* [Source material]:
##############################
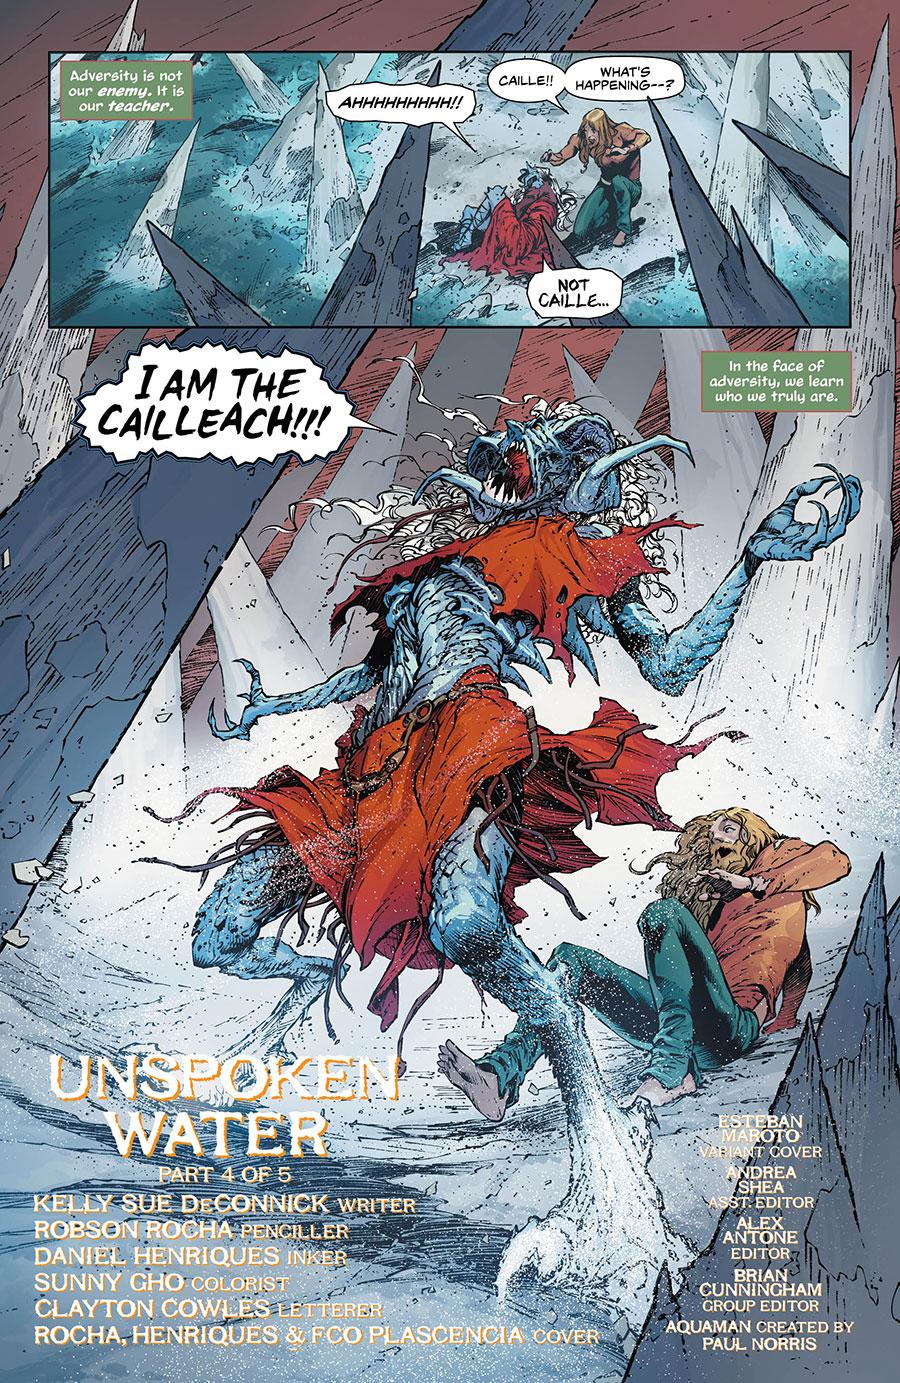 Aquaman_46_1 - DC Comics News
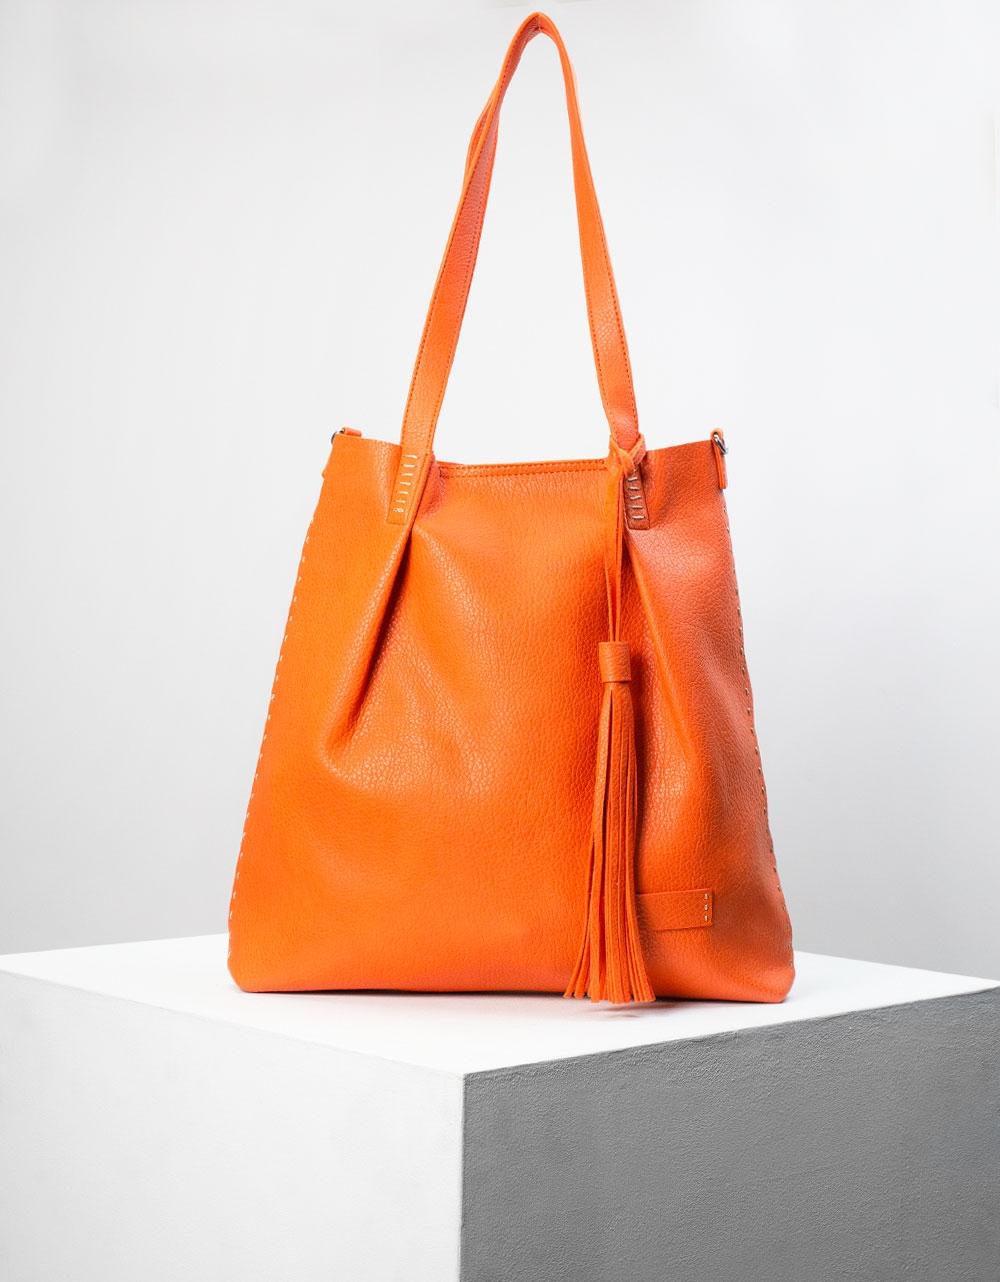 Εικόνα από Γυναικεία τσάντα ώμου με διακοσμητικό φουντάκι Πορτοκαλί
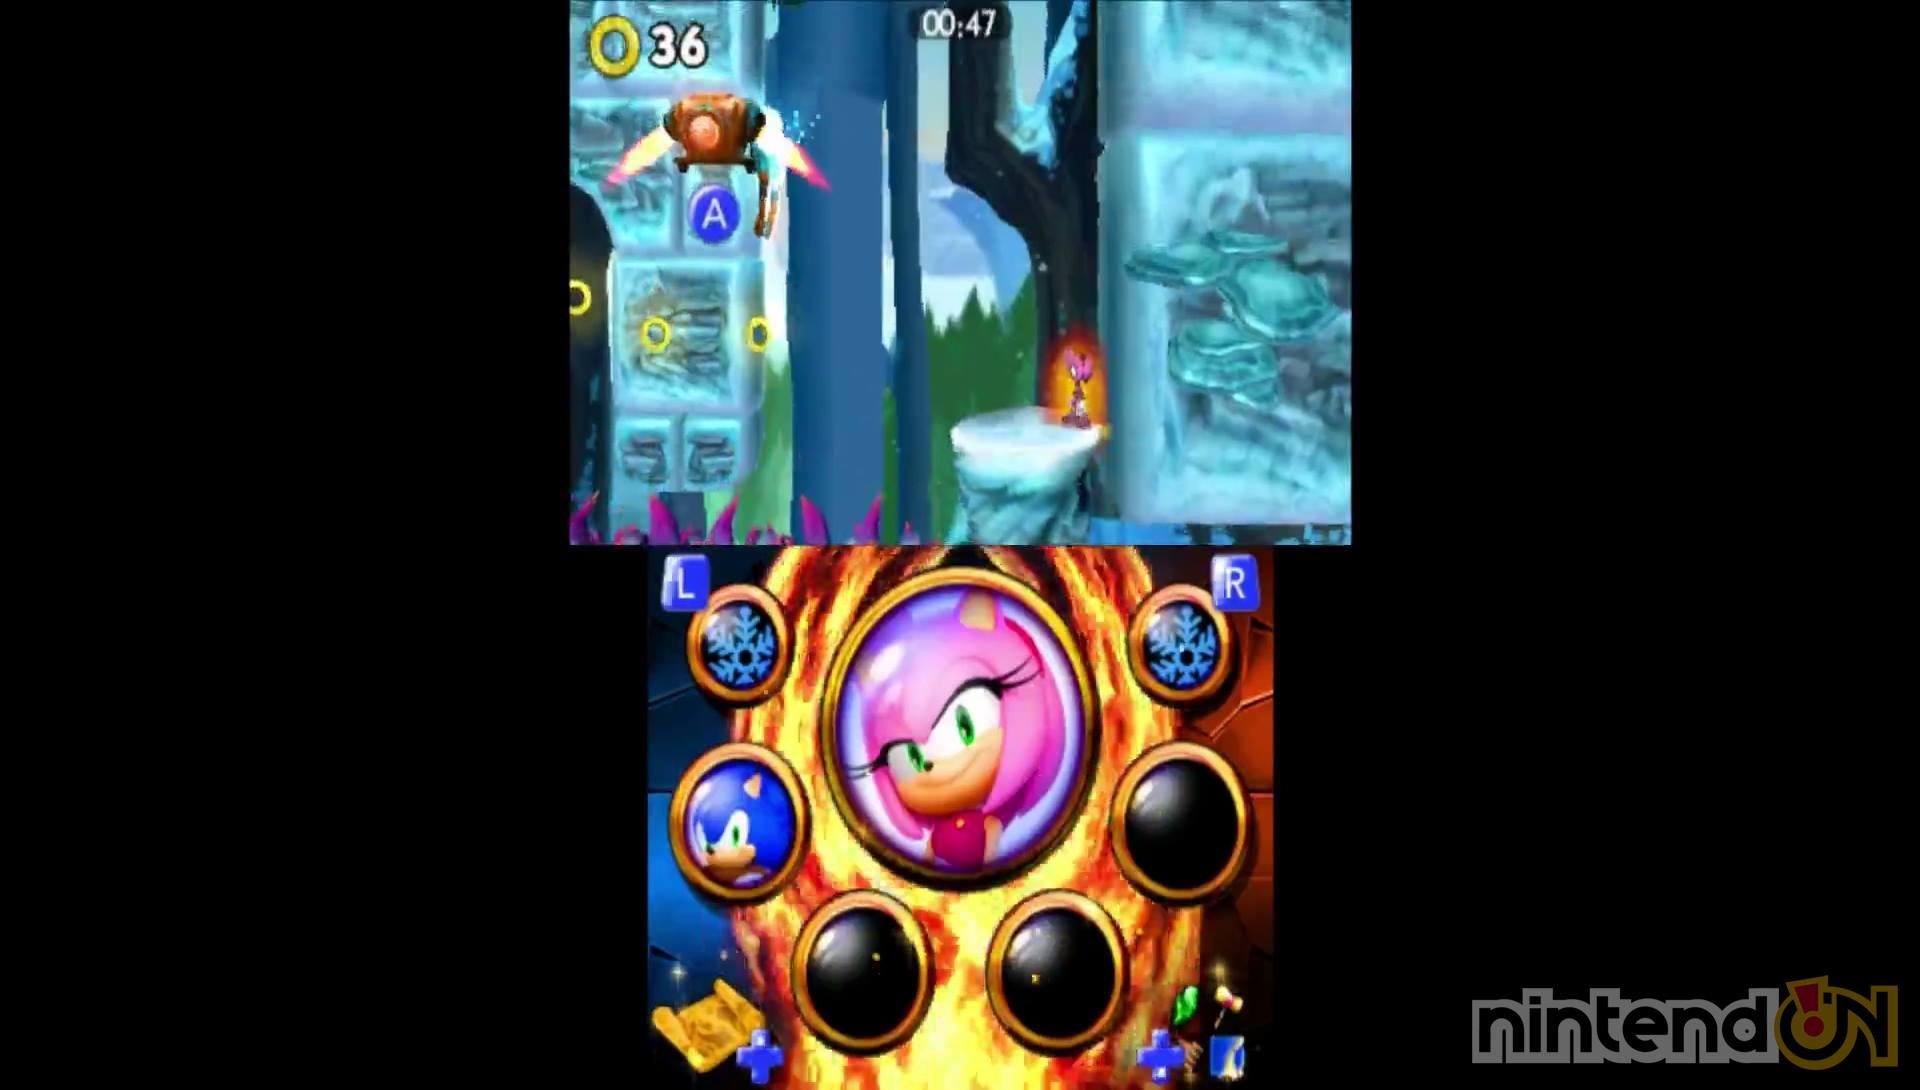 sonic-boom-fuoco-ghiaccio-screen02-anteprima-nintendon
##############################
* [Task instructions]: Copy verbatim the span that opens at the line with "Εικόνα από Γυναικεία" and closes at the final line of the listing. Do not carry over any pictures.

* [Answer box]:
 Εικόνα από Γυναικεία τσάντα ώμου με διακοσμητικό φουντάκι Πορτοκαλί
 sonic-boom-fuoco-ghiaccio-screen02-anteprima-nintendon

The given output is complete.